The output is the lines below from the one with "This is an antique" through the one with "First class", both included, printed exactly and with no other line.

::: ENTRIES SHOWN

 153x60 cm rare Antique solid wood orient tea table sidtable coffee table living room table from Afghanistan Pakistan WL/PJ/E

::::::
::: ENTRIES SHOWN

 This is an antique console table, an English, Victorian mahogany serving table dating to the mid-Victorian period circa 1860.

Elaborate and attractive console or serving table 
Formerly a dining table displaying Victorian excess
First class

::::::

## RESPONSE BELOW
 This is an antique console table, an English, Victorian mahogany serving table dating to the mid-Victorian period circa 1860.

Elaborate and attractive console or serving table 
Formerly a dining table displaying Victorian excess
First class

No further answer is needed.